In model A1.2, we add the past 1-day, 5-day, 21-day VIX change rate terms in the model, and the model become a HAR-RV-IV-CRV-SK model. The adjusted R-square of model A1.2 is 0.763 that increases 1.3% from model A1.1. We attribute the increase of adjusted R-square to the information content of VIX change rate.

However, the coefficient of past 21-day S&P 500 realized volatility in A1.2 increases from -0.1914 to 0.0093 and then become both positive and insignificant.

The adding of VIX change rate variables reduces the coefficient values of 1-day, 5-day RV and VIX terms, but increase the coefficient values of 21-day and S&P 500 skewness term. VIX change rate also makes a structural change of the model. This situation can also be observed in the model A1.4 and the 5-day and 21-day S&P 500 realized volatility forecasting model.

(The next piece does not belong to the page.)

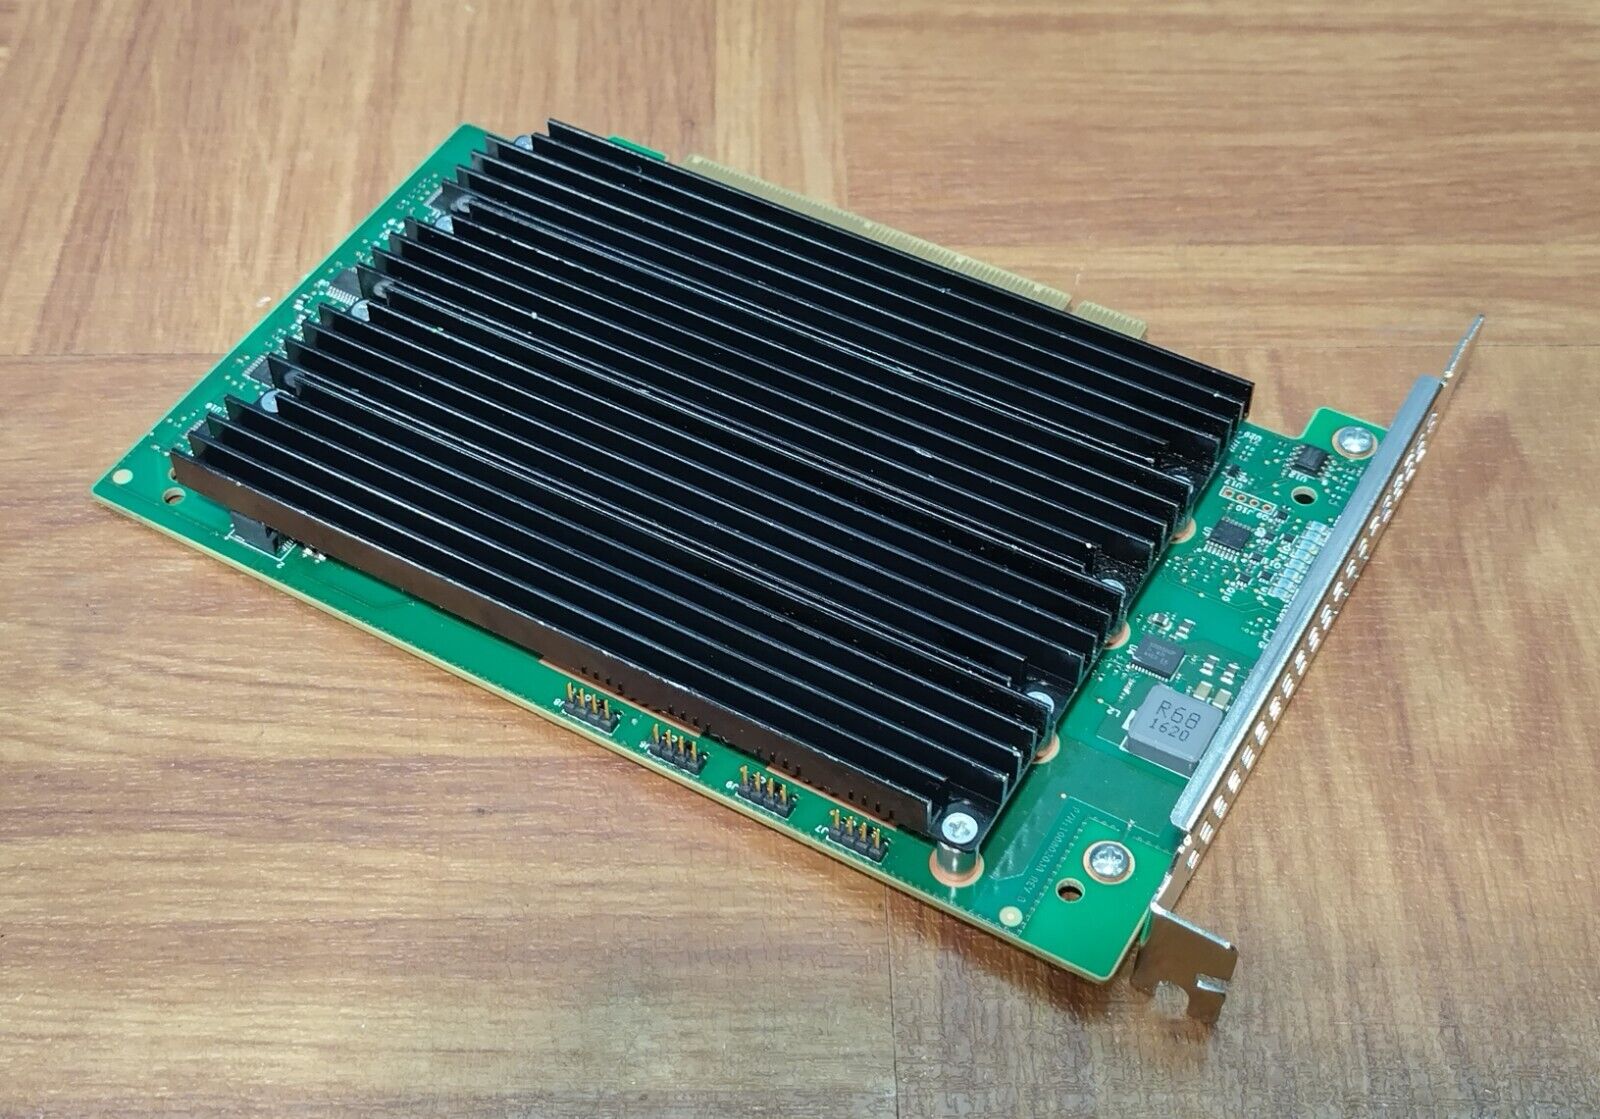 Seagate Nytro XP7200 P/N 05KPNT PCIe Gen3 x16 NVMe MLC Expansion Card (No SSD)

Model A1.3 shows that the VIX skewness cannot promote the explanatory power, and the VIX skewness term is insignificant. However, in Model A1.4, the VIX change rate terms increase the power of the S&P 500 realized volatility forecasting model and make the coefficient of VIX skewness becomes significant but has little impact on the explanatory power of the model. From Model 1.3 to Model 1.4, the t-statistic of both S&P500 skewness and VIX skewness term increase that means the VIX change rate can increase the significance of both variables.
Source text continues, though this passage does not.